The Walking Dead is a traumatic and violent watch which I don’t recommend to everyone. It’s not scientific and it simplifies issues in a way that will turn some off. It says unpalatable things about human nature. Many times I’ve felt profoundly sad after watching it. But it’s a fiction, so I find it a less agonising watch then, say, the news from Gaza or Sudan, Antarctica or the Amazon. And in some ways, I find it uplifting. When the group, even briefly, finds what it is looking for – safety, food, time with loved ones, peace, the beauty of nature – it feels so good. It reminds me that those things are all I need for happiness.

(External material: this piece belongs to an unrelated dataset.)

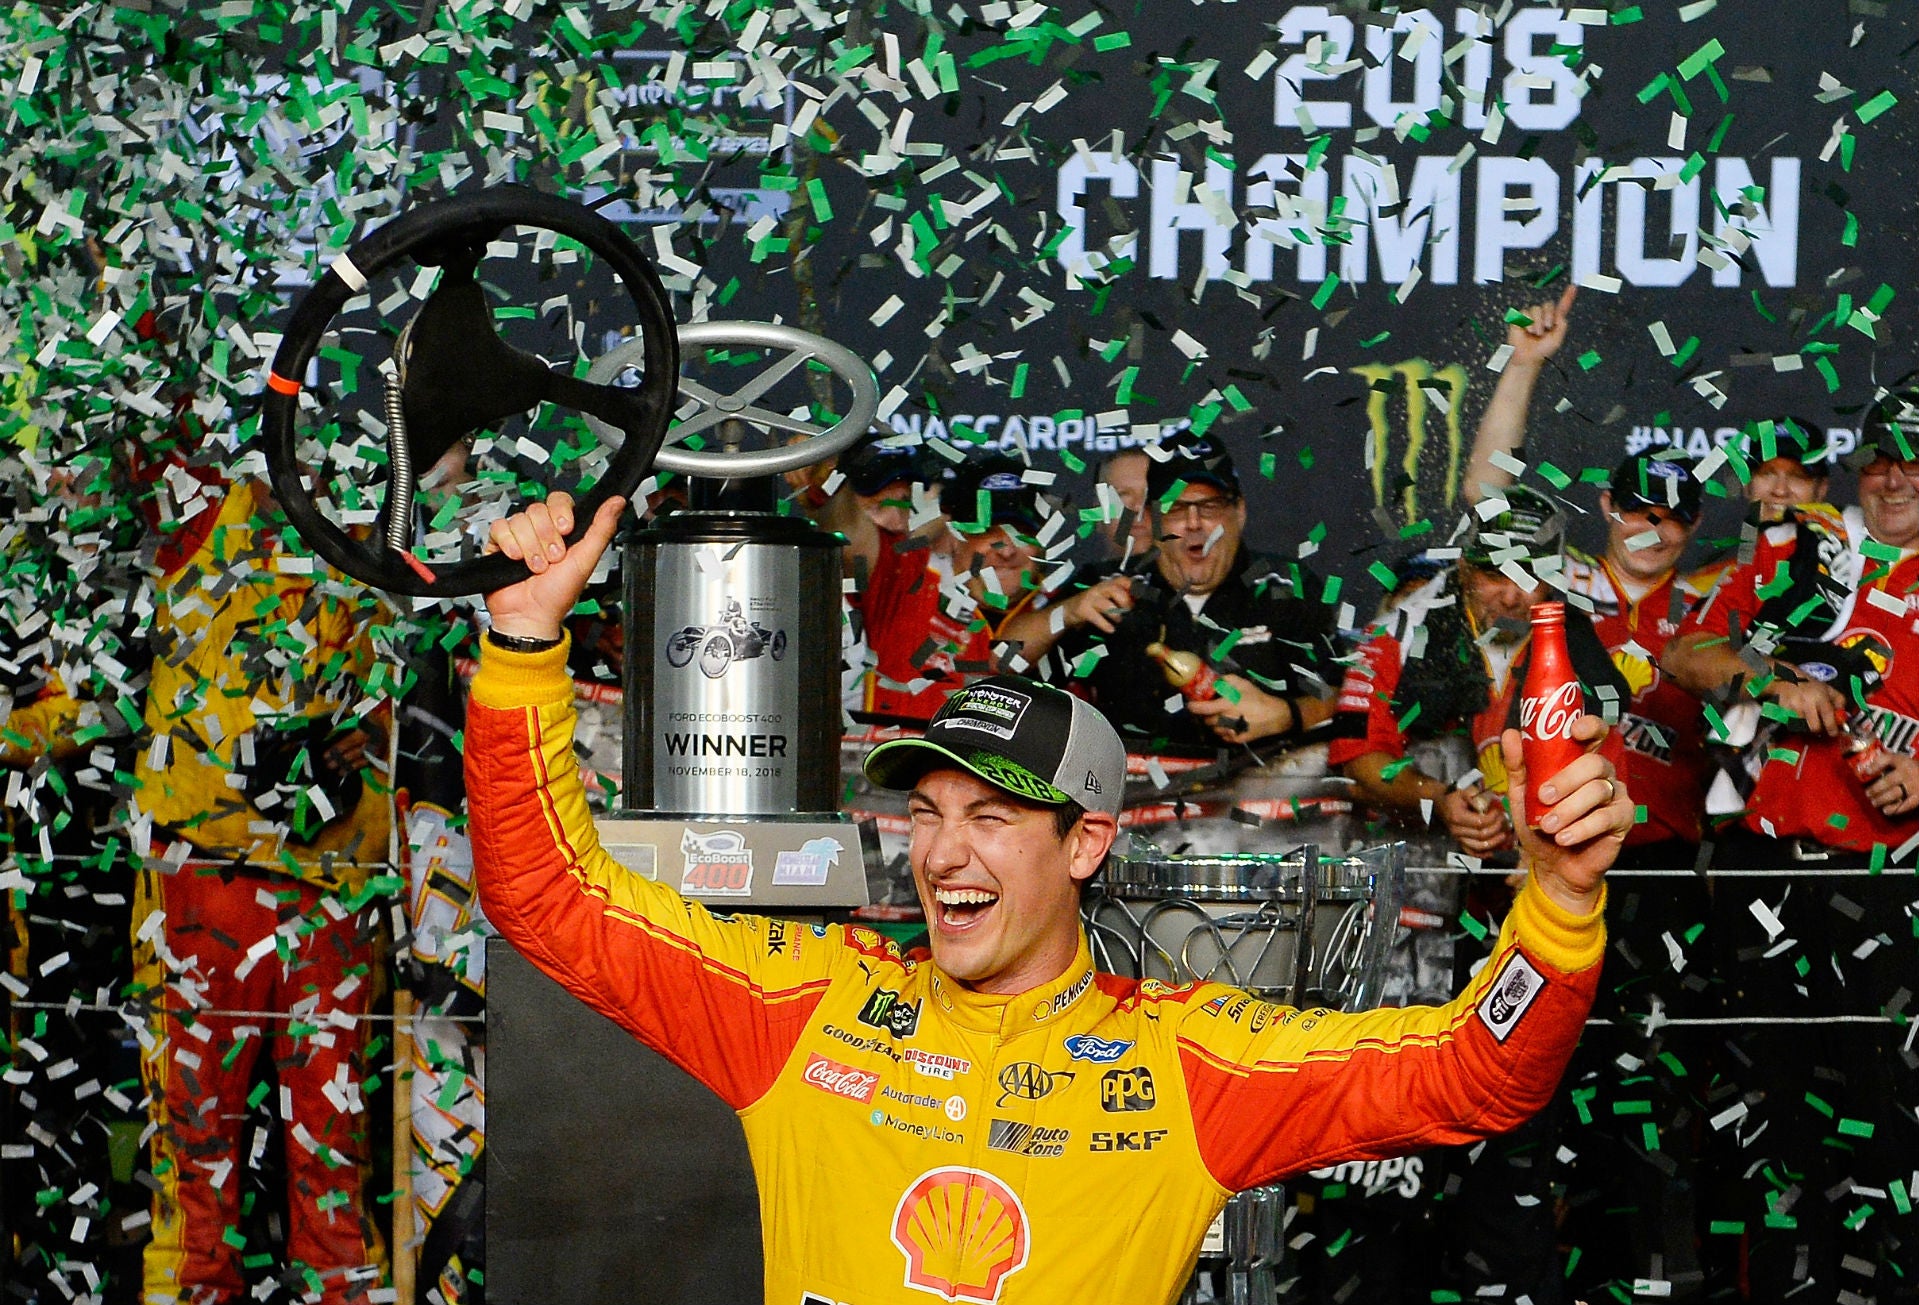 Joey Logano Wins First NASCAR Cup Series Championship at Homestead-Miami Speedway

The collapse today’s “doomers” envisage is unlikely to be as sudden as the catastrophe that afflicts The Walking Dead’s characters. Most people talk about an increasing “enshittification” of life, likely to proceed unevenly across nations, geographies, and socio-economic groups over decades. Some degree of it, I agree with Suzuki, is no longer preventable – in fact we are in it already. To prevent it becoming eventually apocalyptic – which 3 degrees of warming would be - we would have to stop emitting CO2 and stop destroying the natural carbon sinks (healthy soils, oceans and forests) which reabsorb carbon dioxide, and start radically repairing them, now, today, everywhere. There are many people trying to do this. Many more are needed. Whether we can succeed remains to be seen.
In the meantime, I find inspiration and energy in thinking about alternatives to enshittification. I remember the positivity at the Cambridge Carbon Footprint AGM last month - their Repair Cafés, Open Eco Homes and Imaginarium projects are blowing up around the region (they need more volunteers). I remember the excitement of the young engineer explaining Grantchester’s proposed Heat Network project to me at their recent open day (it could supply every home in Grantchester with zero carbon, zero maintenance heat based on shared heat pump/solar and wind energy). I walk around our village and our city and see the many spaces embracing a “Let it Grow” ethos – and the many more butterflies, beetles and bees thriving as a result. And I find hope in knowing that the future is still there to be written, by us, by what we choose to do. In the words of one of my favourite authors, Ursula K. LeGuin:
“Hard times are coming, when we’ll be wanting the voices of writers who can see alternatives to how we live now, can see through our fear-stricken society and its obsessive technologies to other ways of being, and even imagine real grounds for hope. We’ll need writers who can remember freedom — poets, visionaries — realists of a larger reality.”